HOUGHTON - If you ask Corey Bacon what conditions are helped by treatment with acupuncture, he'll give you a one-word answer - everything.
Corey is the owner and sole practitioner at Mountain Thunder Acupuncture in Houghton. At his practice, situated in a small log cabin off U.S. 41 near the Portage Lake Golf Course, he offers patients a wide range of confidential treatment options including acupuncture, acupressure, deep tissue massage, Tuina, Shiatsu, and Chinese Herbal Medicine.
The Flint, Mich., native earned his master's degree in acupuncture and oriental medicine from the Oregon College of Oriental Medicine in Portland, Ore., where he spent four years studying eastern healing arts (acupuncture, Qi Gong, Tai Ji, Chinese herbal medicine and Asian bodywork systems) as well as simplified versions of western medicine classes (anatomy and physiology, living anatomy, pathology, clinical diagnosis, pharmacology and structural diagnoses). After graduation in 2009, he opened a practice briefly in Portland before relocating to the Copper Country in 2010.
Corey Bacon is seen at his practice Mountain Thunder Acupuncture in Houghton.
Corey said while there are a number of conditions acupuncture can be helpful for, the two major categories that it really excels at relate to pain and problems with the nervous system.
"The needles work well for what we call excess stagnation," he said. "For example, stroke recovery and Bell's palsy; all kinds of recovery from surgery and any kind of pain or neuralgia."
Stagnation, Corey said, is a blockage.
In Chinese medicine, treatment involves working with an interconnected system of energy pathways on the body, called meridians.
"Energy flows like water, so when water gets blocked it stops flowing," he said. "The body, as an energetic system, is constantly trying to flow; it's trying to move like water."
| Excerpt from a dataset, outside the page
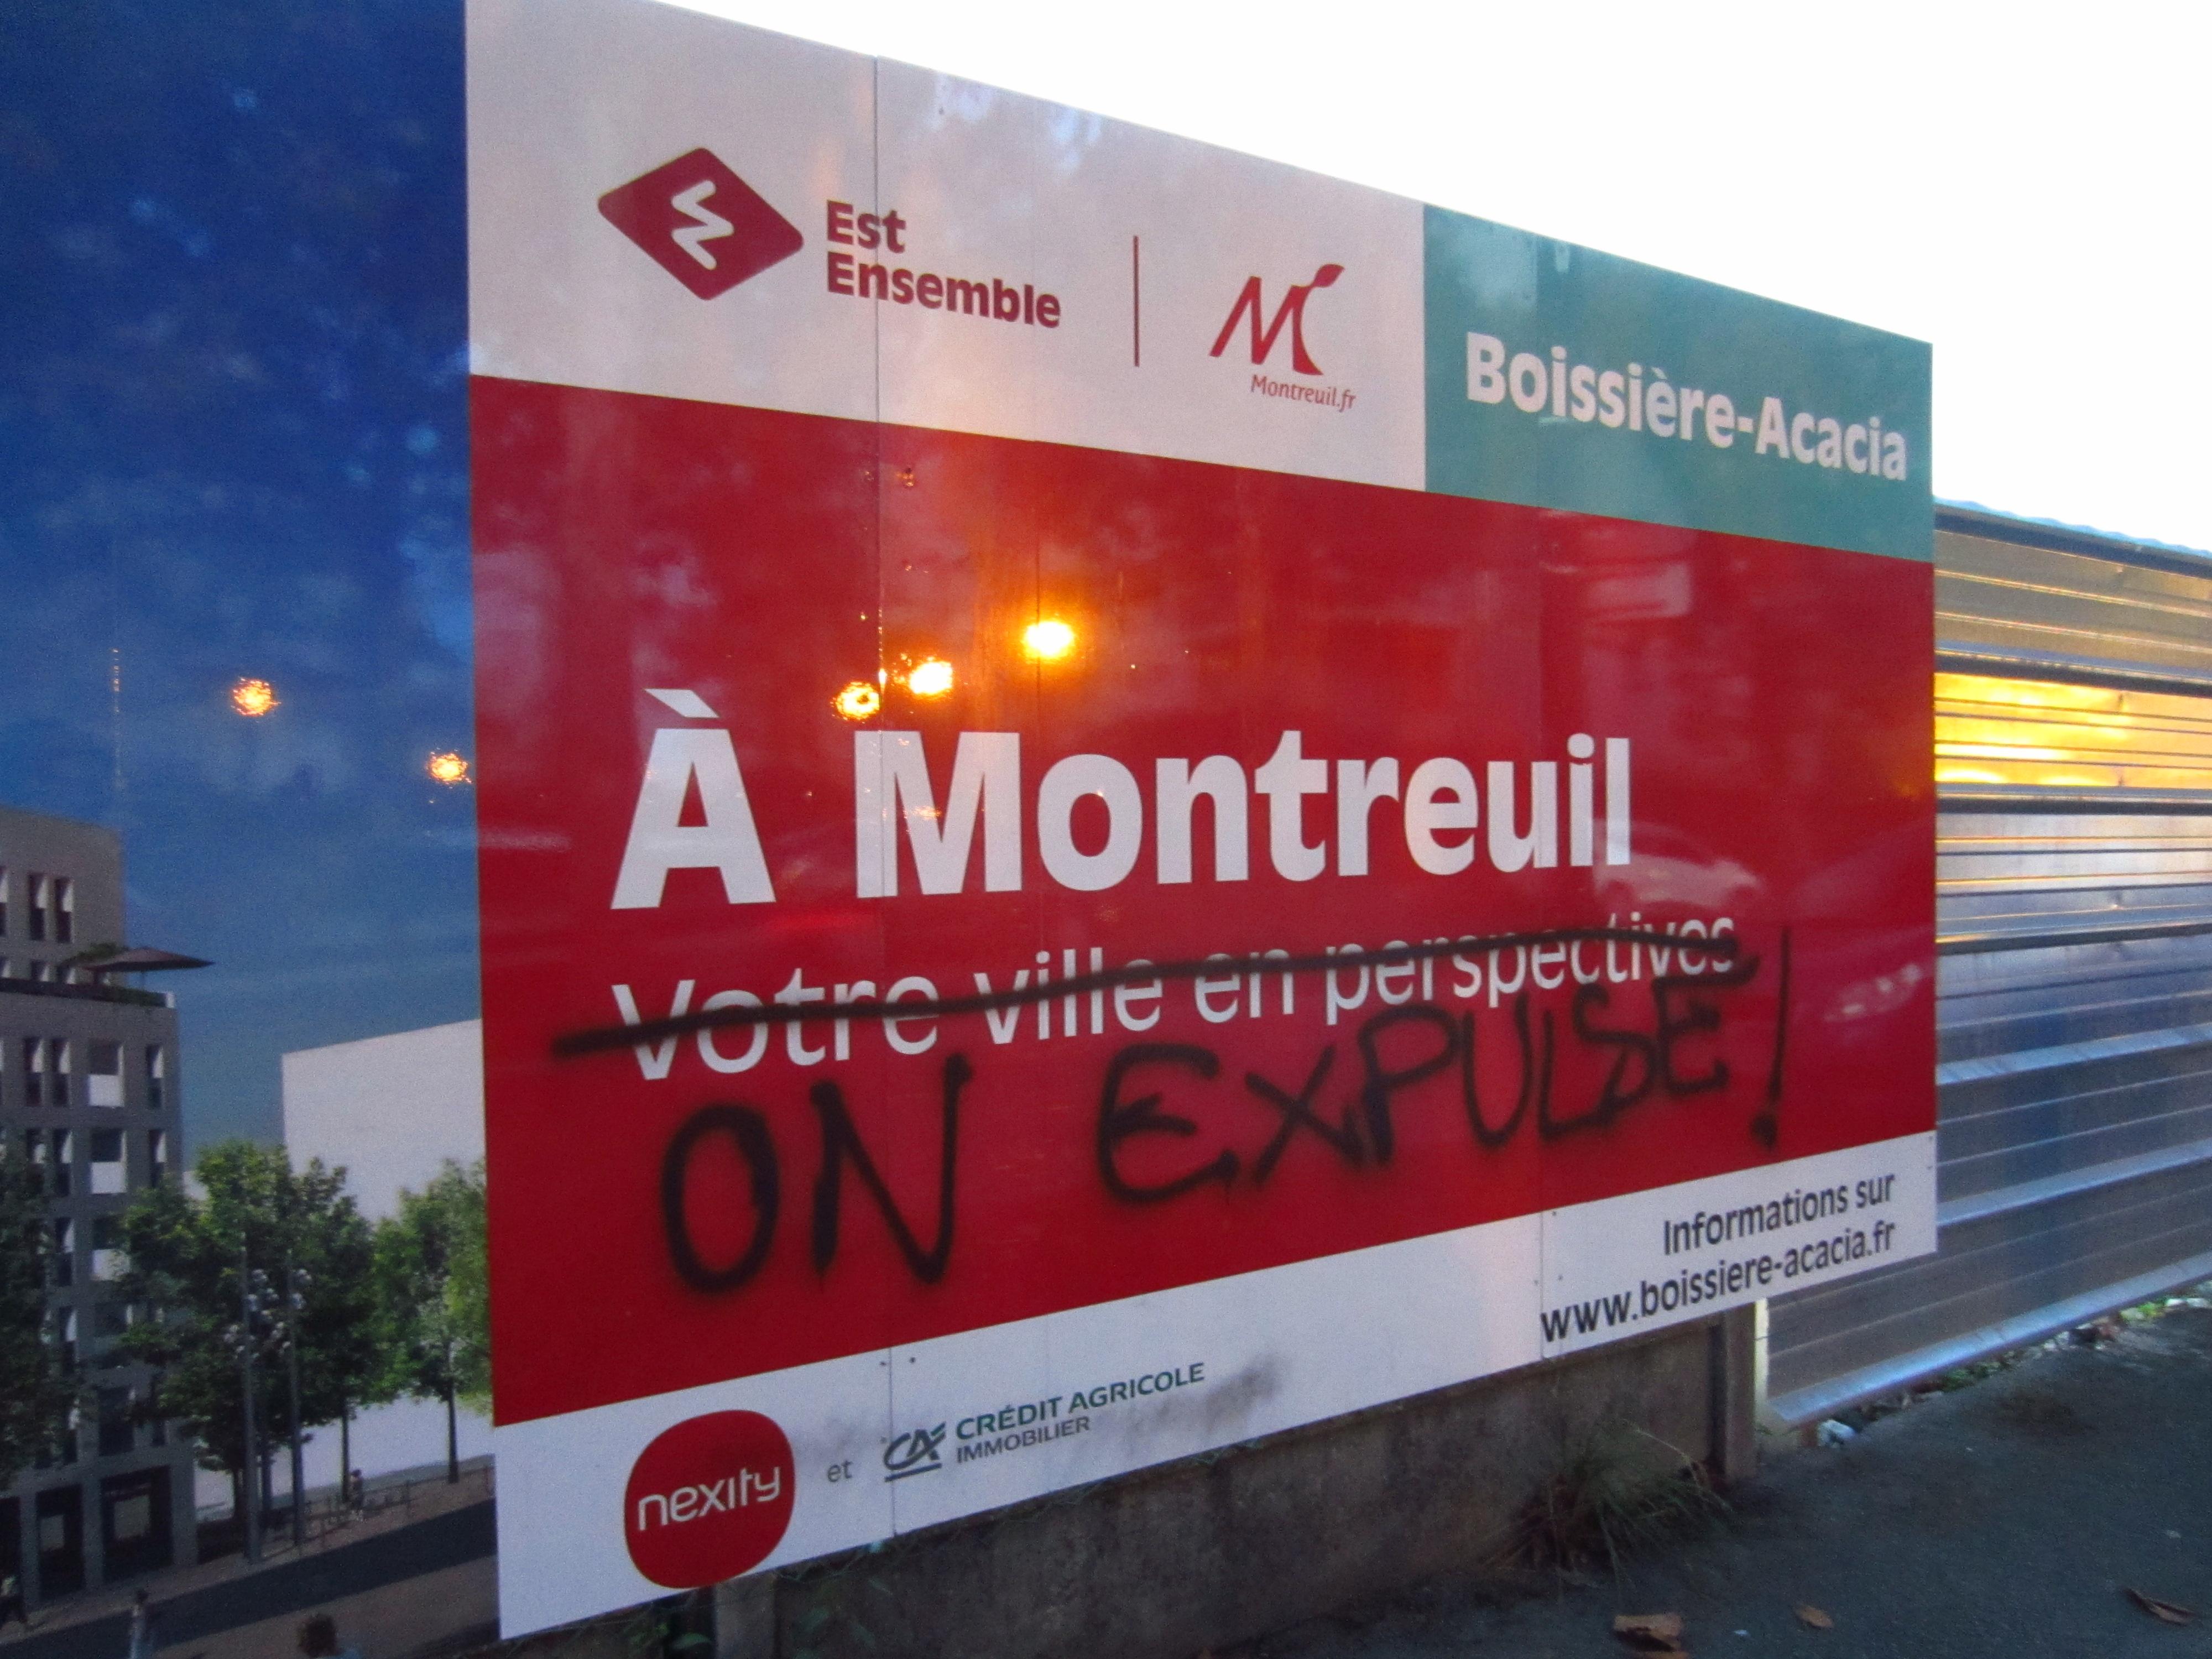 2015-10-30_Montreuil_LaBoissiere-70-Nexity

Stagnation can be caused by trauma - physical, mental or emotional, he said, and it's usually how the emotions play out that creates stagnation in our body.
"One of the ways Chinese medicine works is just moving the stagnation," he said. "Acupuncture works really good at that."
Because Chinese medicine utilizes all systems of the body to determine a diagnoses for symptoms, Corey said he requires detailed information from each new patient. New patients can expect the first session to take about an hour and a half, starting by going over the seven-page intake form the patient completes before coming in.
The intake form inquires about family health history, personal medical history, medications/supplements, diet/lifestyle, personal life and questions pertaining to both men and women specifically.
Treatment depends on the acupuncturist, Corey said, but because he utilizes all of his skills, performing bodywork and herbal medicine, the treatment time varies.
"Our first initial visit, I go over the form with them and answer any questions that may be relevant," he said. "Then I ask them specific questions about what their primary complaint is."
Afterwards, Corey said he takes the patient's pulse.
"Pulse taking in Chinese medicine is very different than in Western Medicine," he said.
Feeling three different spots on each wrist at two different depths on each spot allows him to feel for the rate, strength and quality of the blood as it moves through. This process may take between one and 15 minutes.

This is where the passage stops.